Newfoundland chow mein
- Type: Stir fry
- Place of origin: Newfoundland and Labrador
- Associated cuisine: Canadian Chinese cuisine
- Serving temperature: Hot
- Main ingredients: Sliced cabbage; Vegetables; Meat;

= Newfoundland chow mein =

Canadian Chinese dish

Newfoundland chow mein is a dish from Canadian Chinese cuisine. While traditional chow mein is a stir fried noodle dish, and its name means "fried noodles", Newfoundland chow mein includes cabbage strips instead of noodles.

== History ==
The dish was invented by Chinese chefs on Newfoundland who had difficulty obtaining traditional Chinese ingredients on the island.
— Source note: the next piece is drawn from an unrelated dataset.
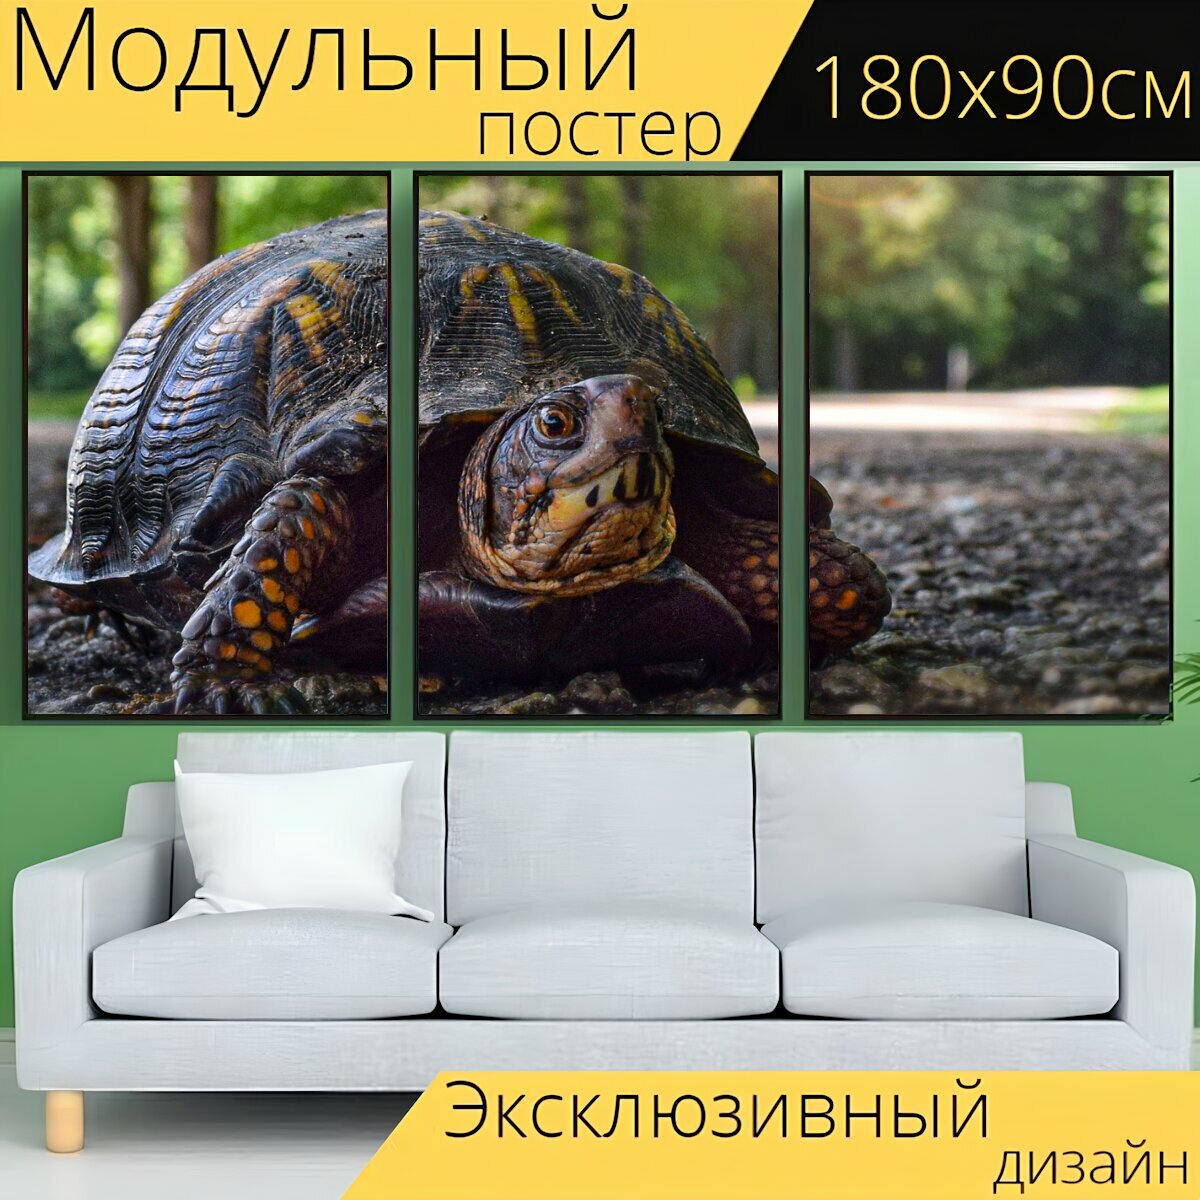 Модульный постер "Черепаха, природа, медленно" 180 x 90 см. для интерьера

To replace egg noodles, they cut thin slices of cabbage as a substitute.

== Description ==
Newfoundland chow mein is a stir fry that features thin cabbage slices, vegetables and meat in a sauce made from a combination of soy sauce and oyster sauce. Common ingredients include carrots, onions, bok choy, pea shoots, gai lan, mushrooms, or rapini. Chicken, pork, shrimp, and beef are commonly included as the main protein in the dish. The flavor of the cabbage has been described as adding a more savory, umami flavor to the dish than traditional chow mein.